A total of 736 women from 128 centers in 17 countries participated. The median age was 61 years. “Patients were randomly assigned 1:1 to fulvestrant 500 mg administered as two 5-mL intramuscular injections on days 0, 14, and 28 and every 28 (±3) days thereafter or fulvestrant 250 mg administered as two 5-mL intramuscular injections (one fulvestrant and one placebo [identical in appearance to study drug]) on days 0, 14 (two placebo injections only), and 28 and every 28 (±3) days thereafter,” Angelo Di Leo, MD, PhD, of the Sandro Pitigliani Medical Oncology Unit in Prato, Italy, and colleagues explained in the Journal of the National Cancer Institute.

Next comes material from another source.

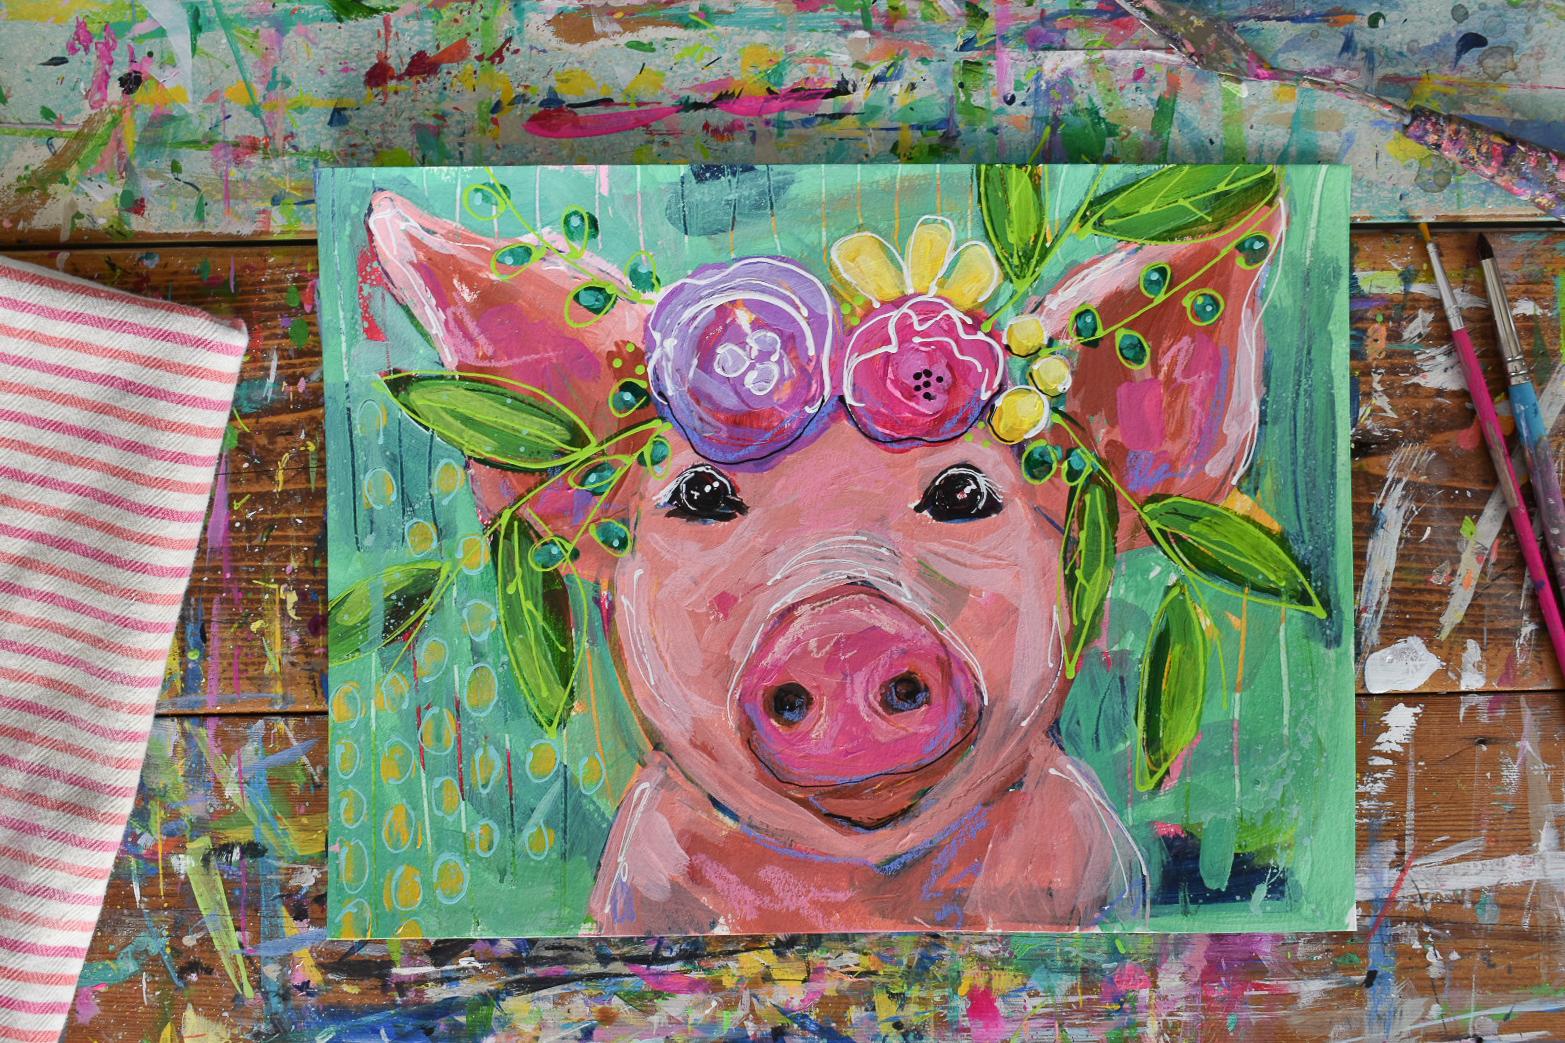 boho_pig_flowercrown_painting_4.jpg

The primary study endpoint was progression-free survival, and the initial results showed that the 500-mg dose of fulvestrant was associated with a statistically significant increase in progression-free survival compared to the 250-mg dose. “Based on these data, the 500-mg dose of fulvestrant is now the approved dose in the European Union (approved in March 2010), United States (approved in September 2010), Japan (approved in November 2011), and other countries worldwide,” the researchers noted.

Final Analysis

At the time of the initial analysis, approximately 50% of patients had died. “A final analysis of [overall survival] was subsequentially planned for when 75% of patients had died,” the authors stated. “At the final survival analysis, 554 of 736 (75.3%) patients had died. Median [overall survival] was 26.4 months for fulvestrant 500 mg and 22.3 months for 250 mg (hazard ratio = 0.81; 95% confidence interval = 0.69–0.96; nominal P = .02),” the researchers reported.

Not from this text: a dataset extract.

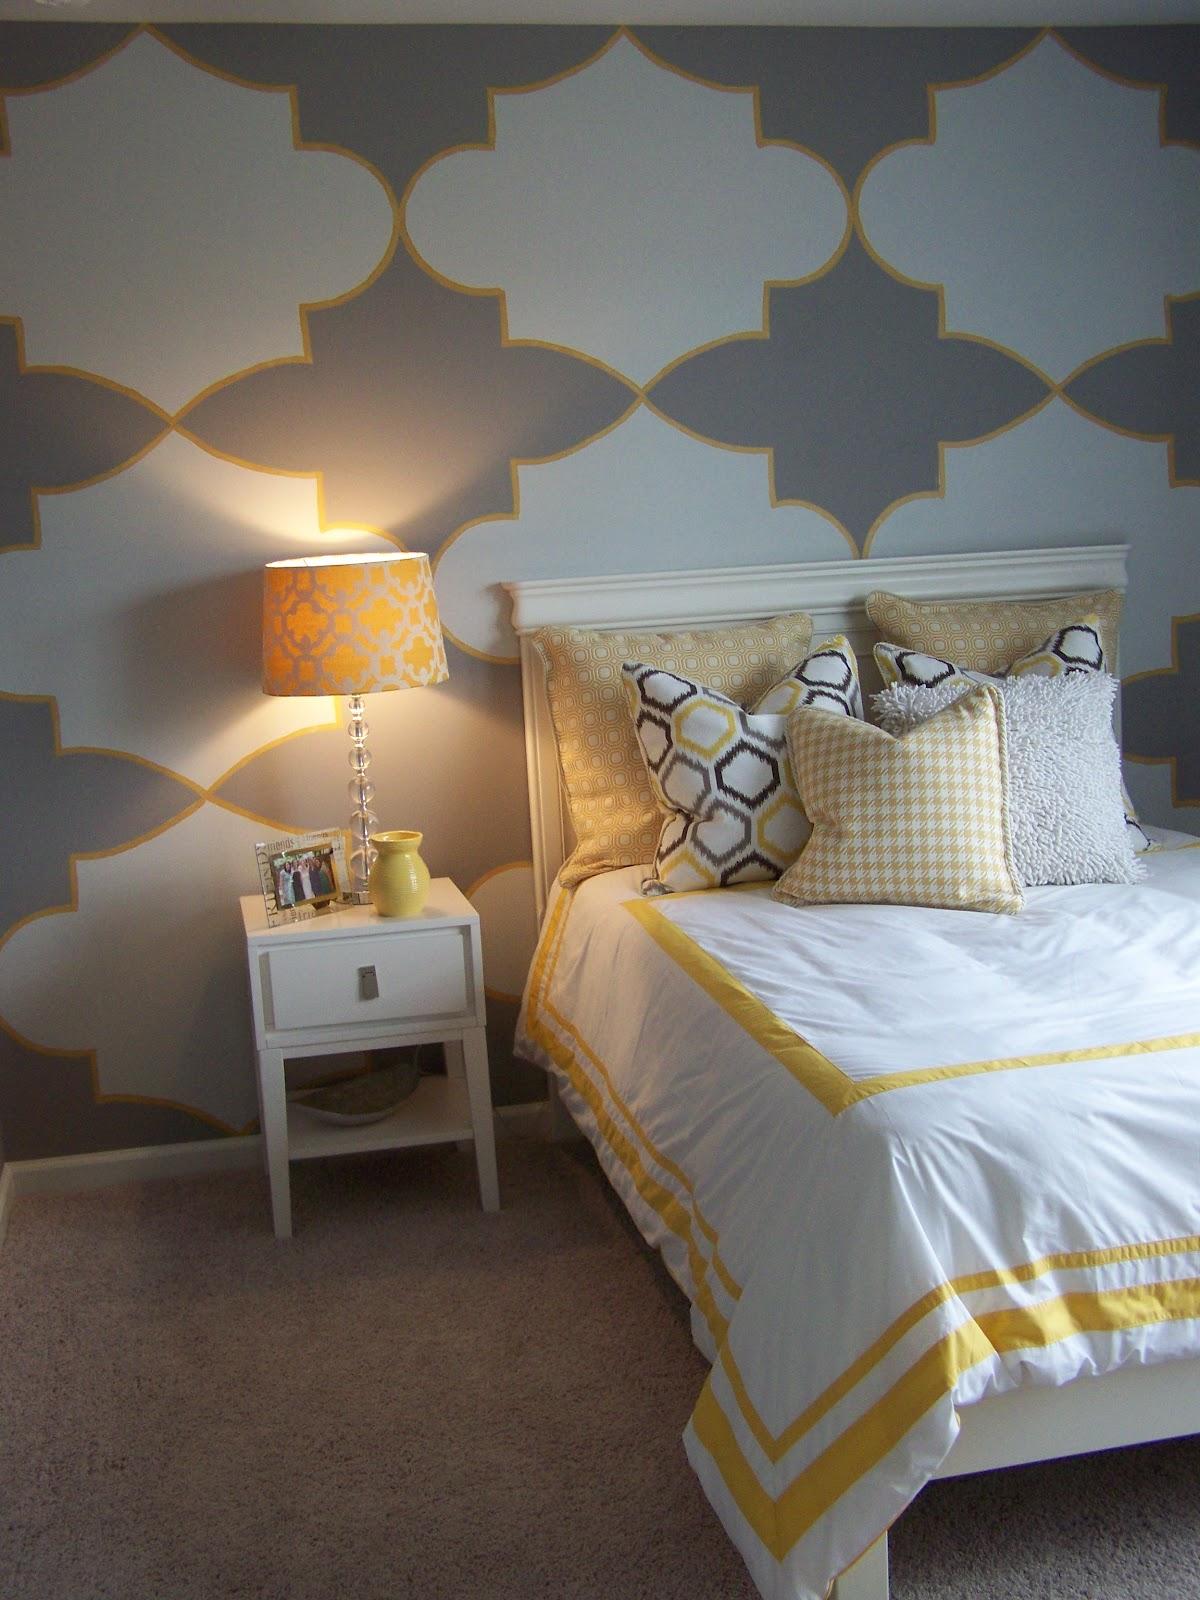 Gray And Yellow Teen/Tween Room

Throughout the entire treatment period, 35 patients (9.7%) in the fulvestrant 500-mg group and 27 patients (7.2%) in the fulvestrant 250-mg group had serious adverse events. “[Serious adverse events] that were causally related to study treatment were reported for eight (2.2%) and four (1.1%) patients, and [serious adverse events] with an outcome of death were reported for five (1.4%) and seven (1.9%) patients in the fulvestrant 500-mg and fulvestrant 250-mg groups, respectively,” the investigators stated.

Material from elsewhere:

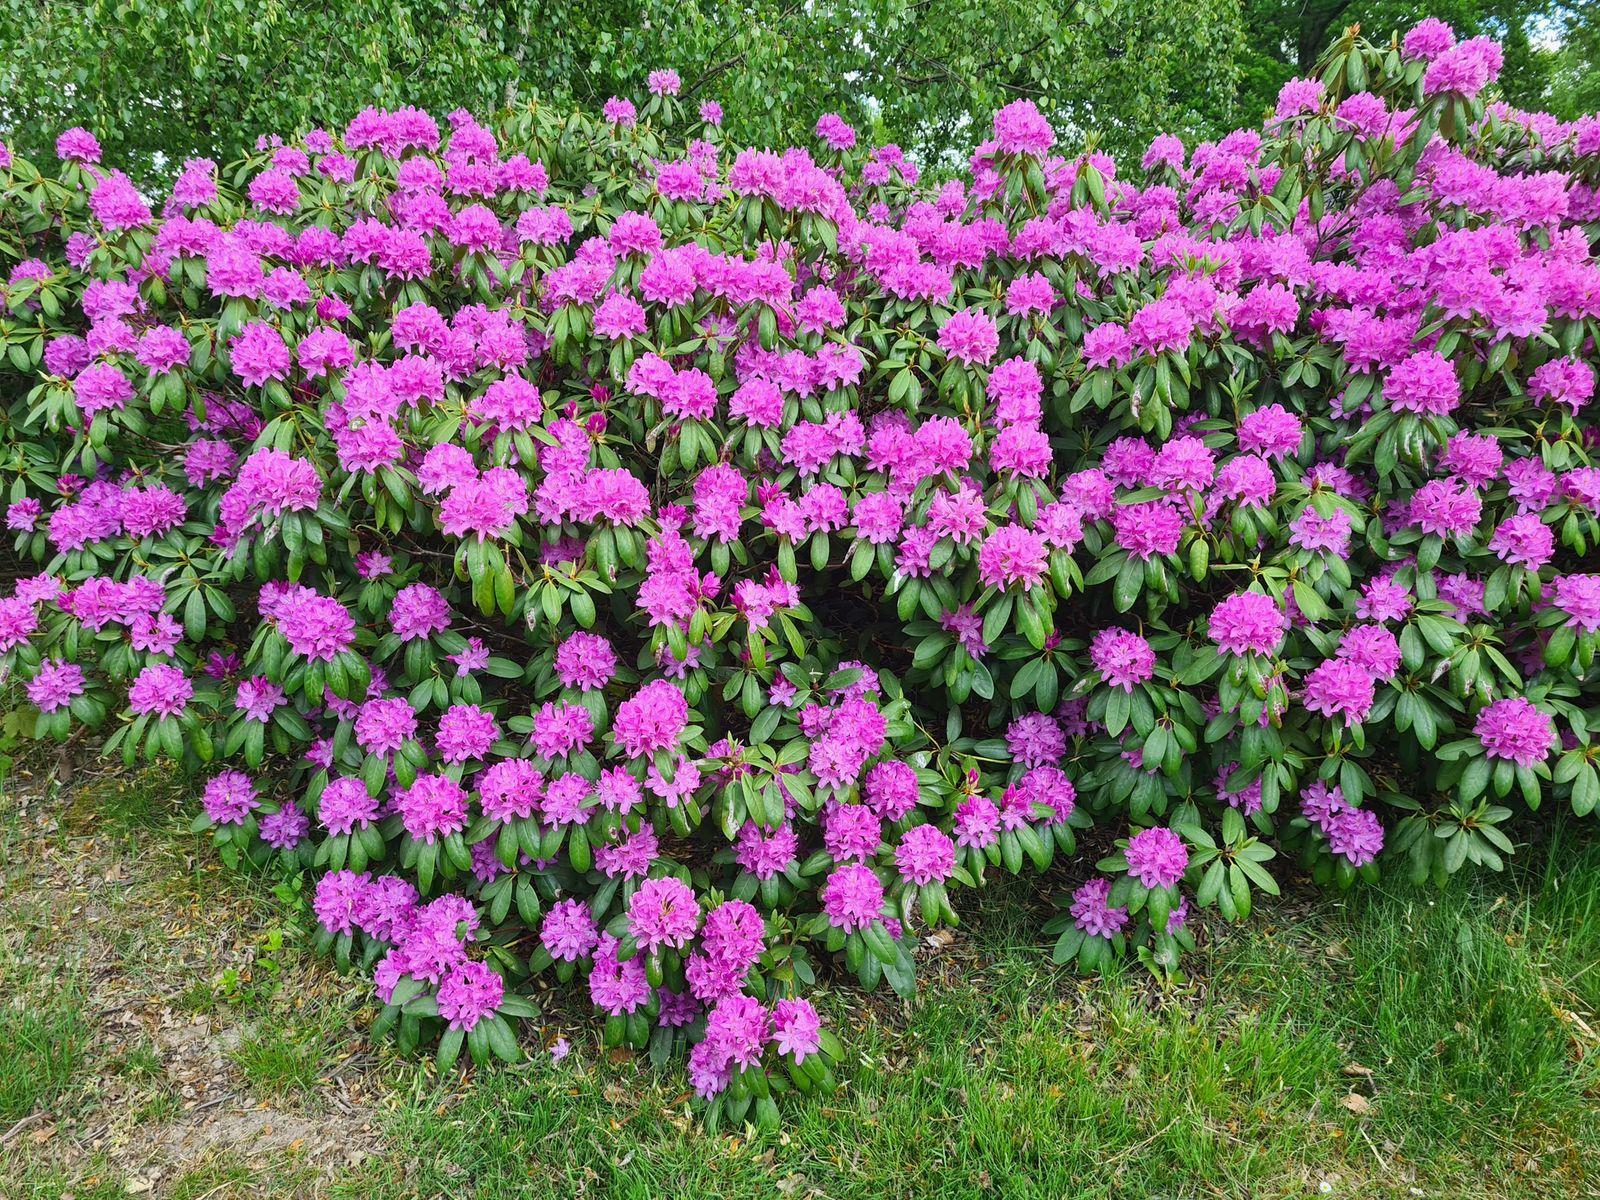 Rhododendron - groenblijvende heesters

“The results of this study raise a number of questions that need to be addressed in future trials,” the authors noted. These questions include whether fulvestrant 500 mg might be a better option than aromatase inhibitors as first-line treatment for postmenopausal women with estrogen receptor–positive advanced breast cancer and whether fulvestrant should be part of a polyendocrine therapy approach.

Based on the CONFIRM trial’s progression-free and overall survival results, the investigators stated that whenever fulvestrant treatment is necessary, it should be initiated at the dose of 500 mg. ■

DiLeo A, et al: J Natl Cancer Inst 106(1):djt337, 2014.